_About this task:_
Below is a set of records. Repeat them verbatim without the pictures.

_Entries shown:_

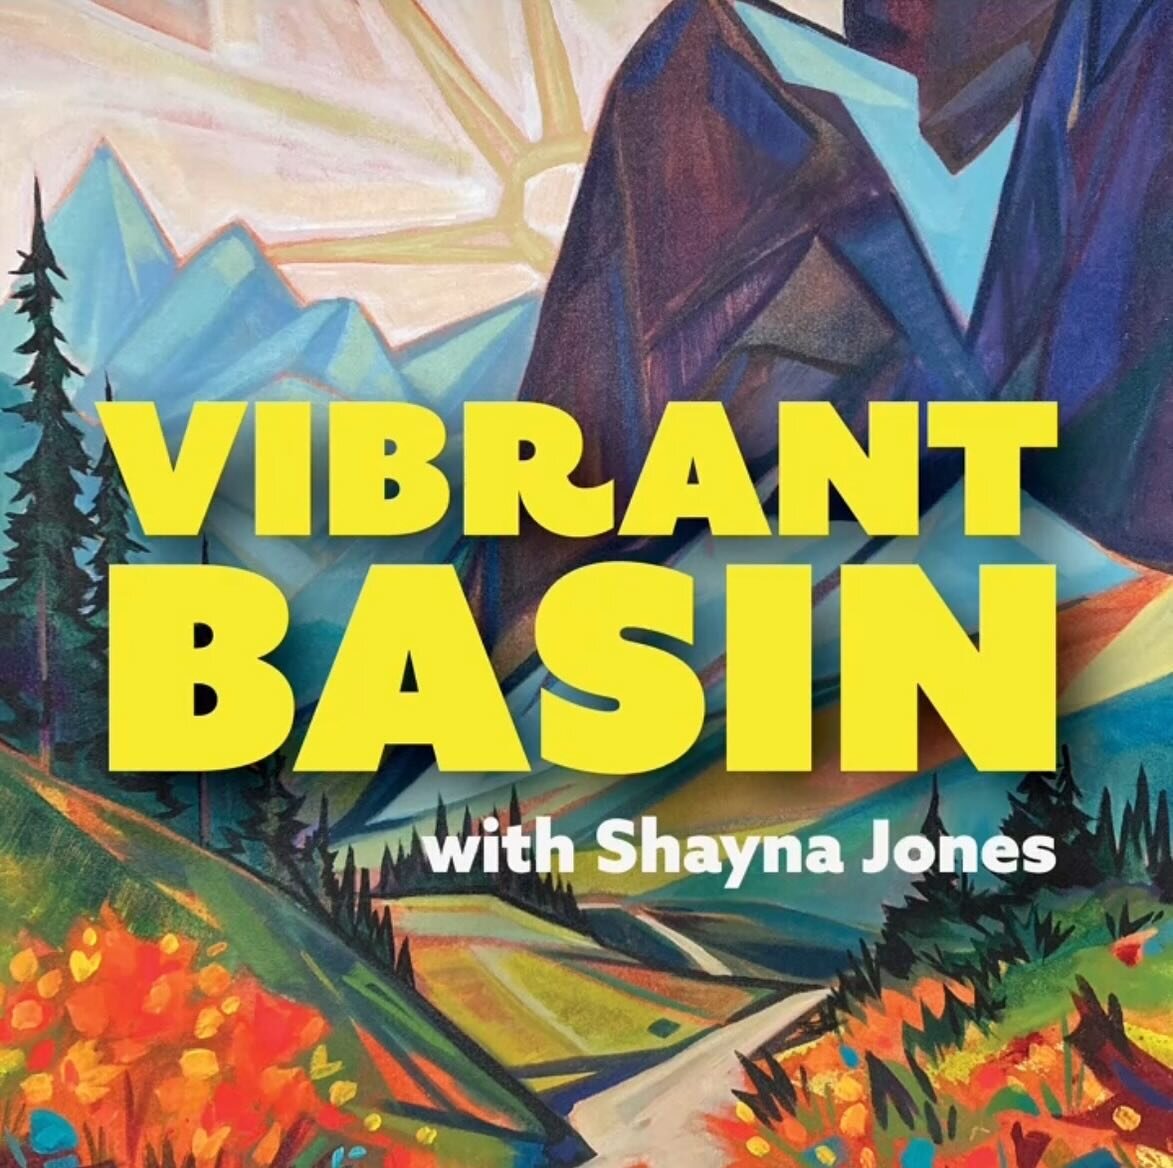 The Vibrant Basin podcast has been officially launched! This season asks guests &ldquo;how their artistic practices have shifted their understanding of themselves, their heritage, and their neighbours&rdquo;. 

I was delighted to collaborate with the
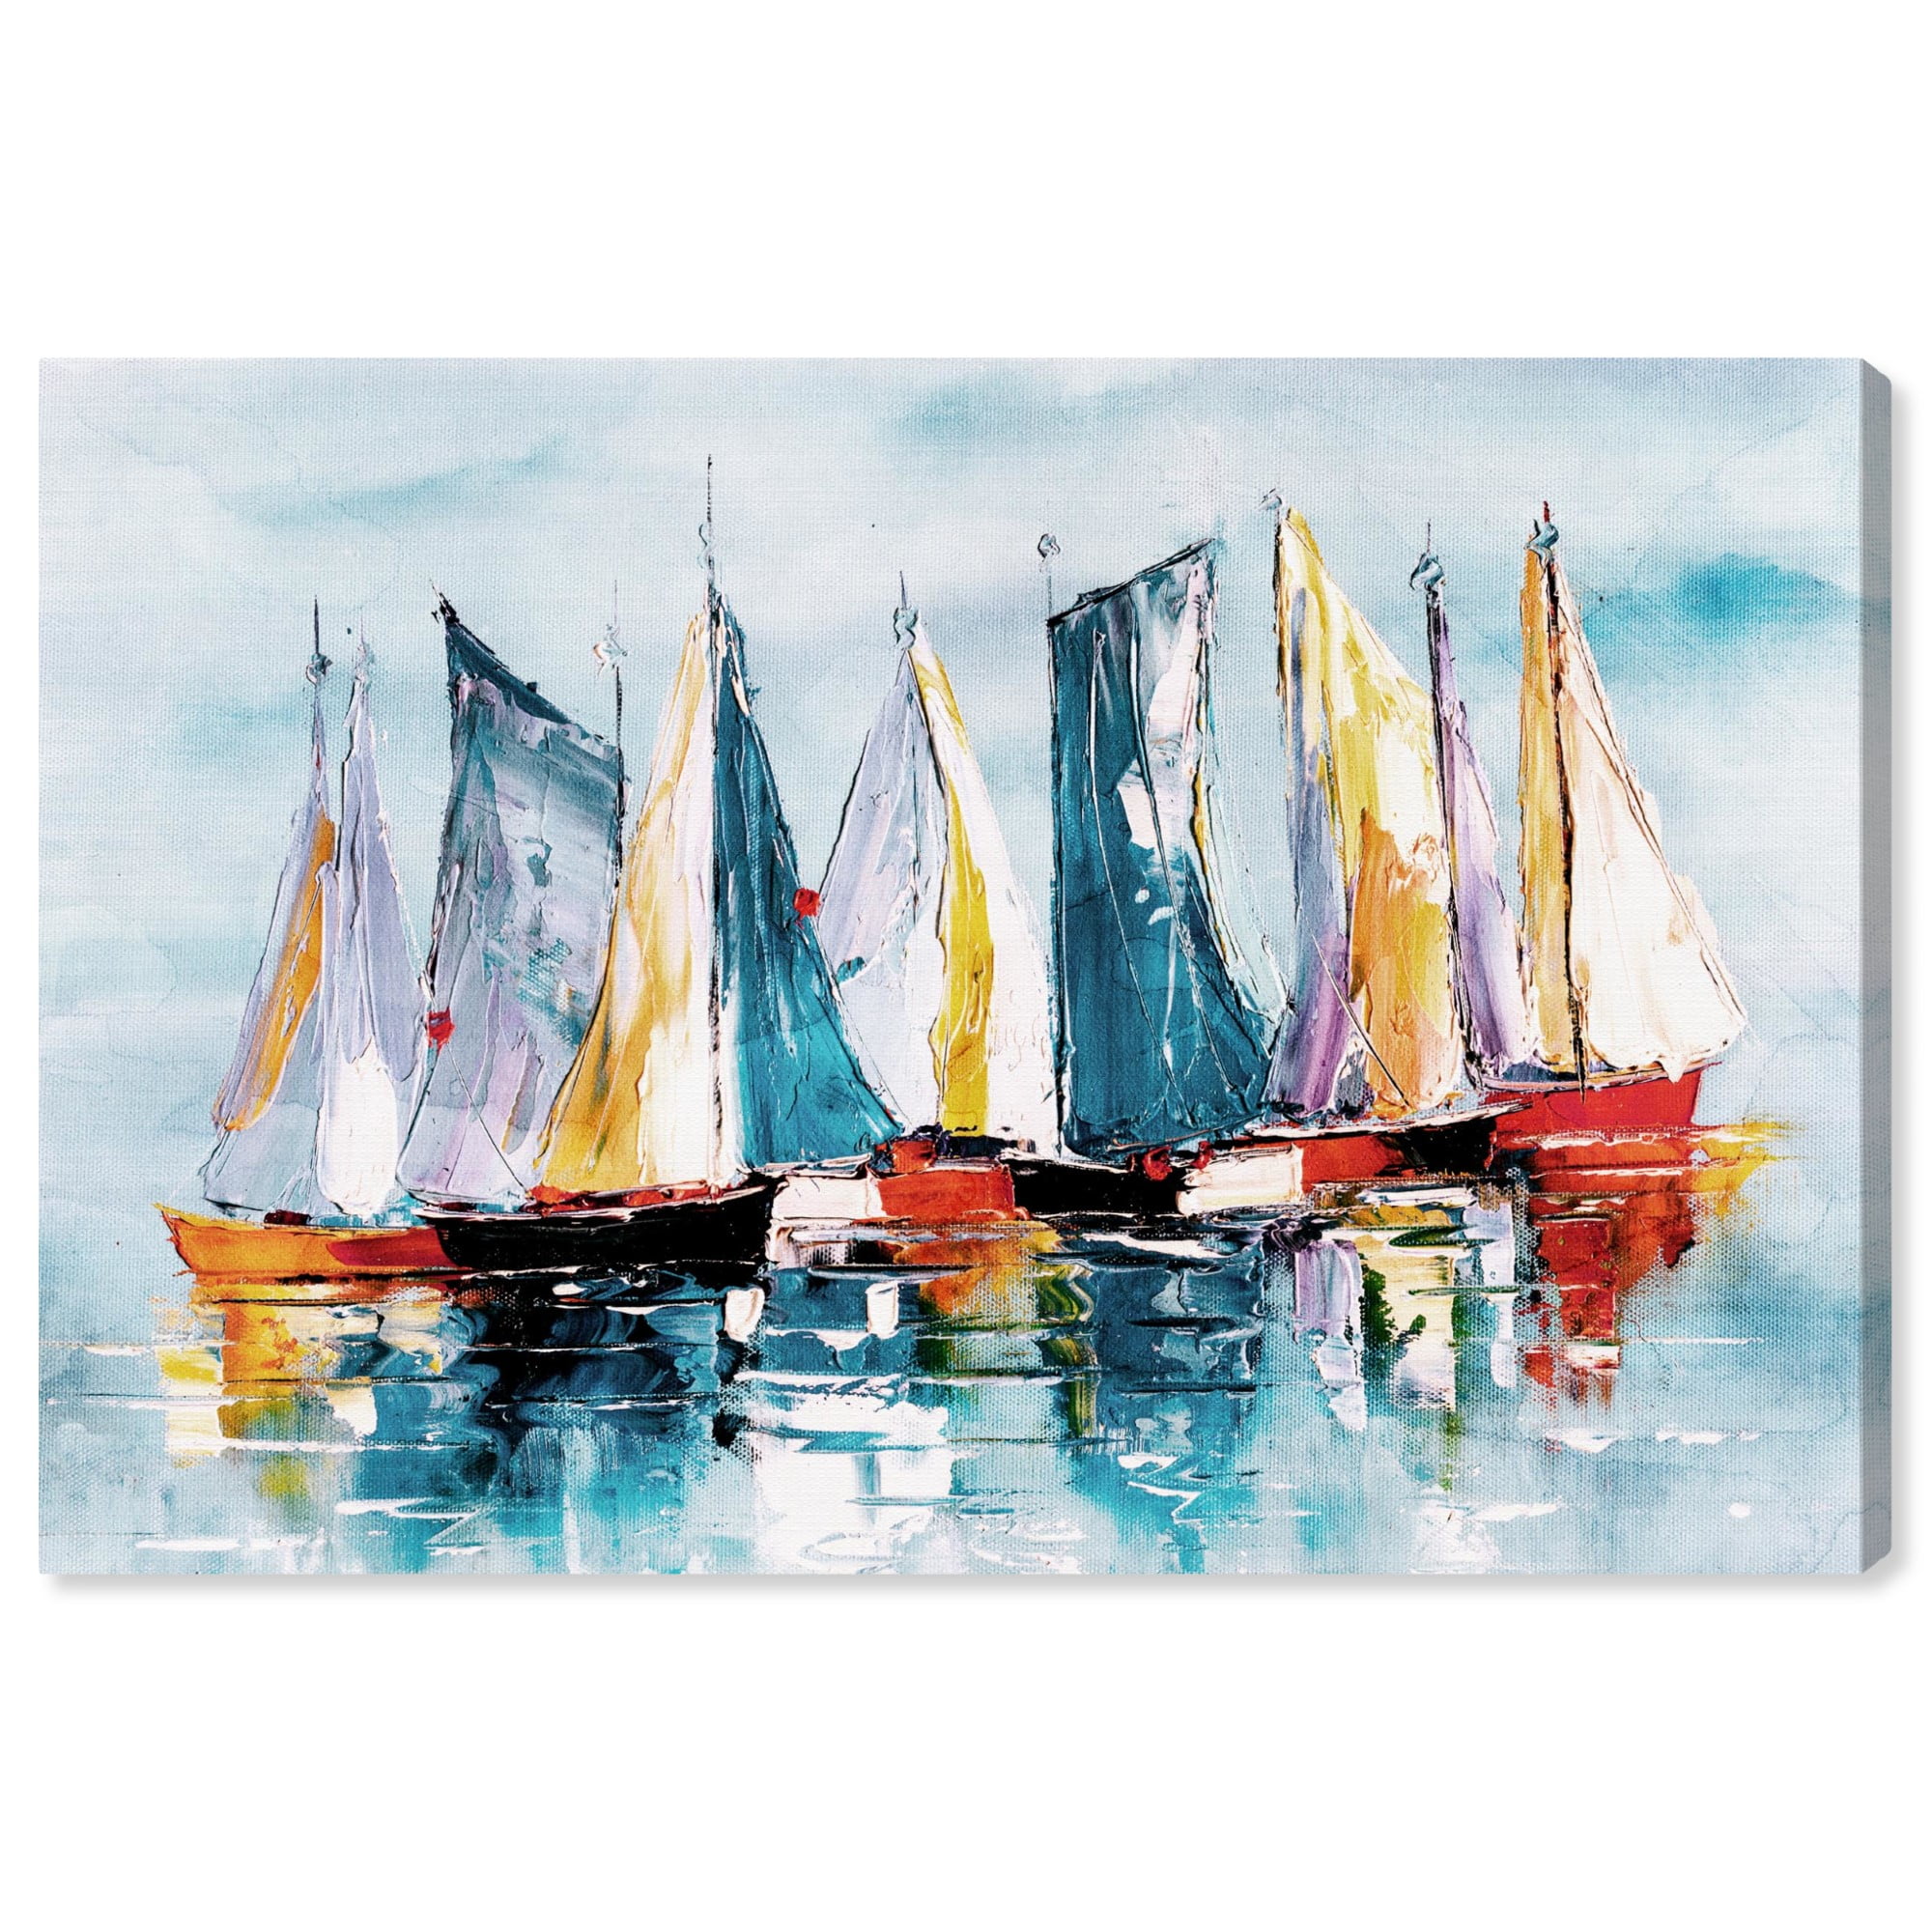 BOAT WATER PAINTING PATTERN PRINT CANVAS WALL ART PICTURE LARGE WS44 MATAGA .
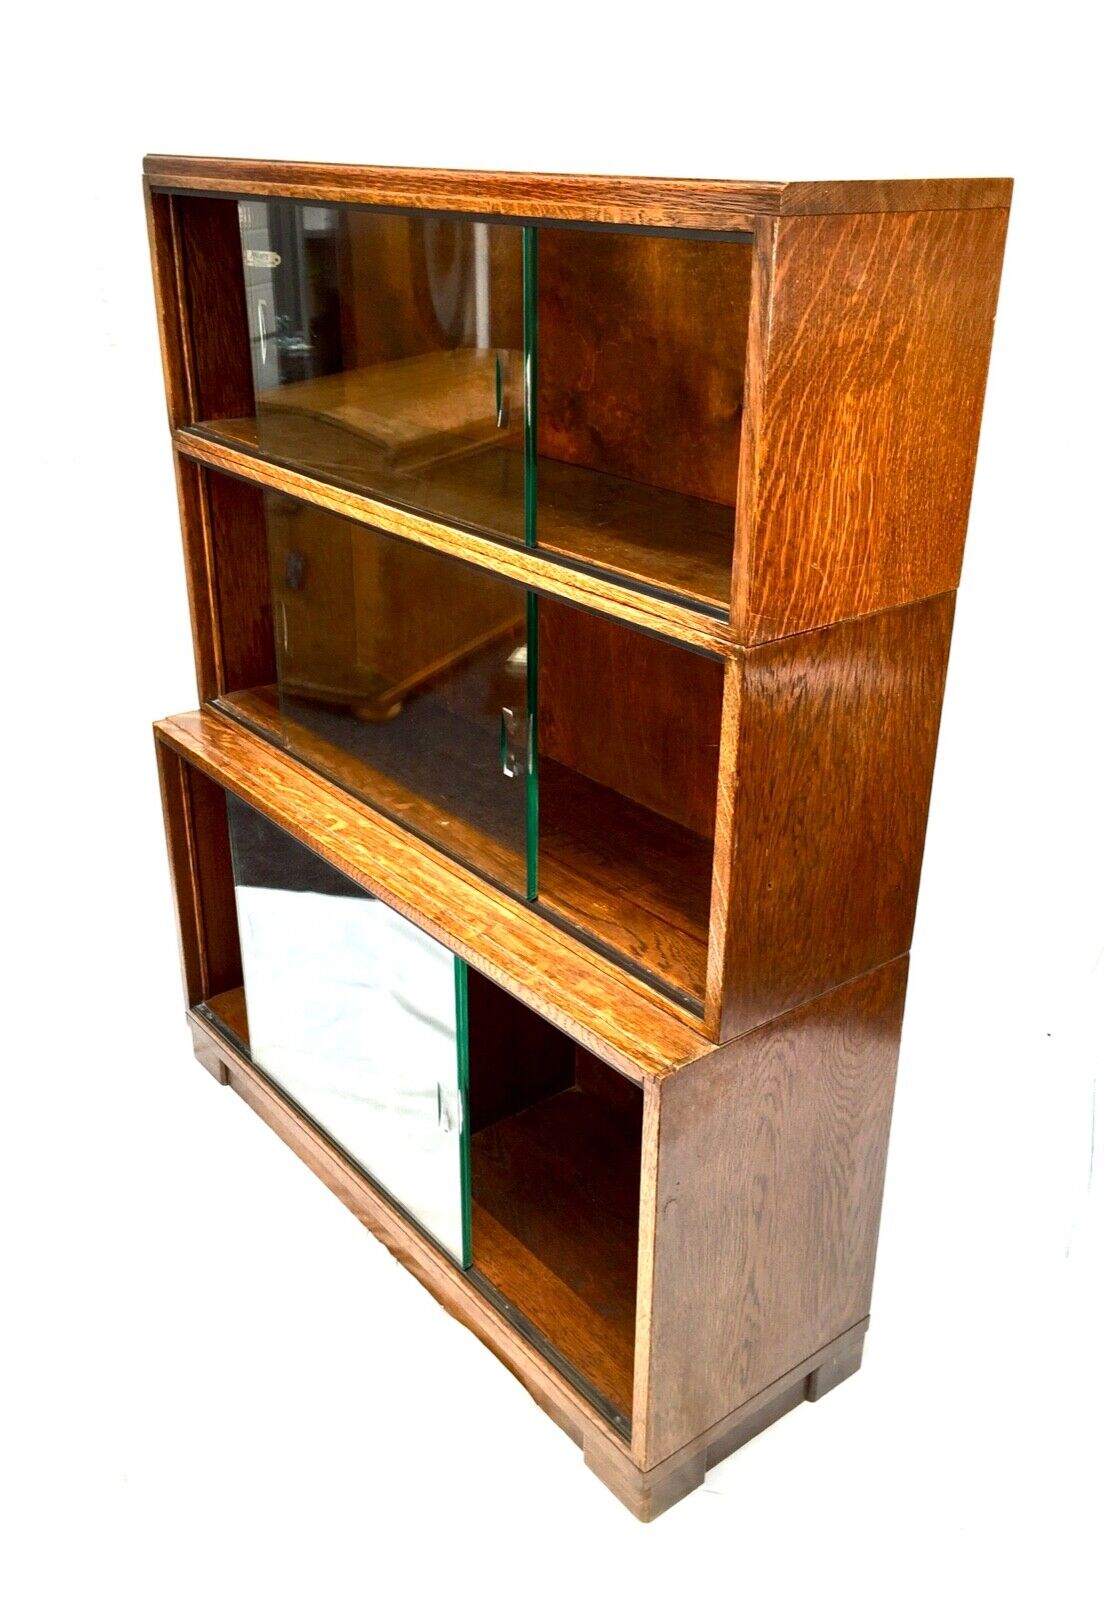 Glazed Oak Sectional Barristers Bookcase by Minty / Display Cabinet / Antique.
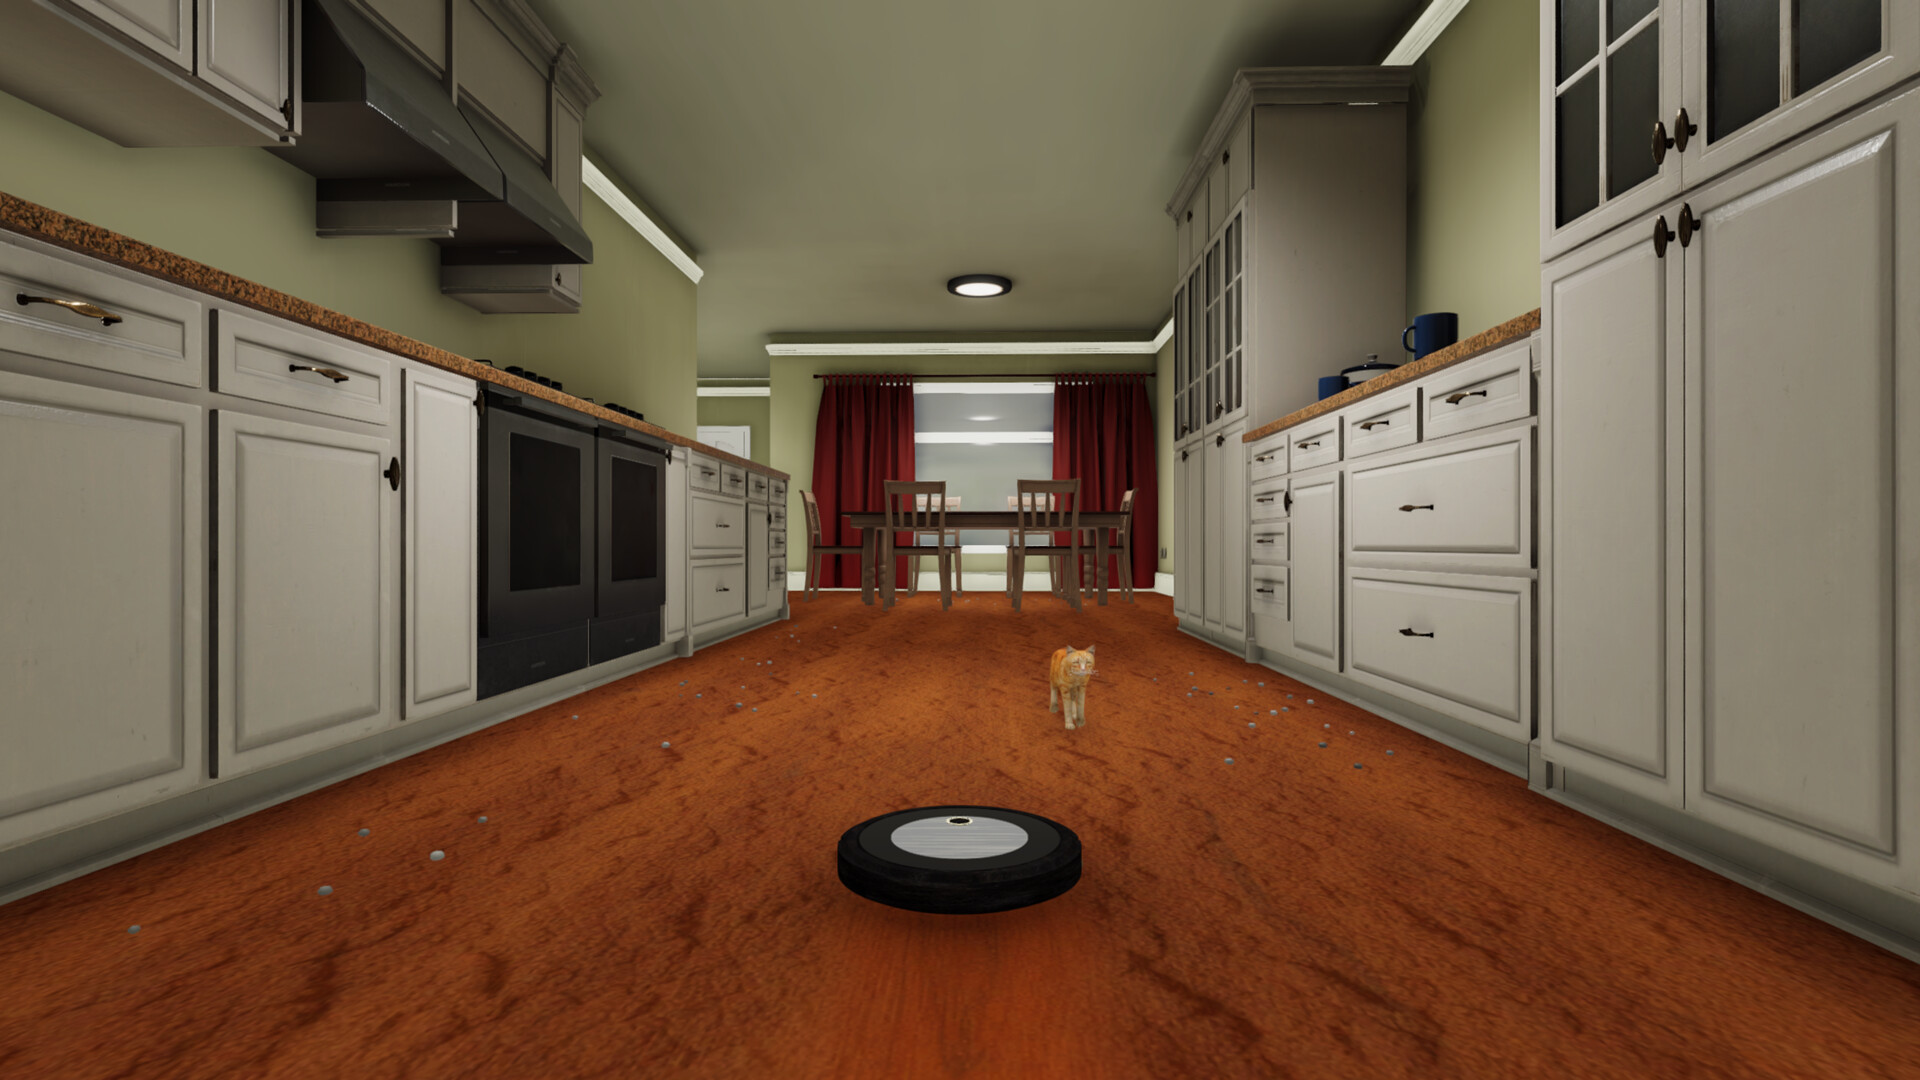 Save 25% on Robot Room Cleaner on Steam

_Response to this exercise:_
 The Vibrant Basin podcast has been officially launched! This season asks guests &ldquo;how their artistic practices have shifted their understanding of themselves, their heritage, and their neighbours&rdquo;. 

I was delighted to collaborate with the
 BOAT WATER PAINTING PATTERN PRINT CANVAS WALL ART PICTURE LARGE WS44 MATAGA .
 Glazed Oak Sectional Barristers Bookcase by Minty / Display Cabinet / Antique.
 Save 25% on Robot Room Cleaner on Steam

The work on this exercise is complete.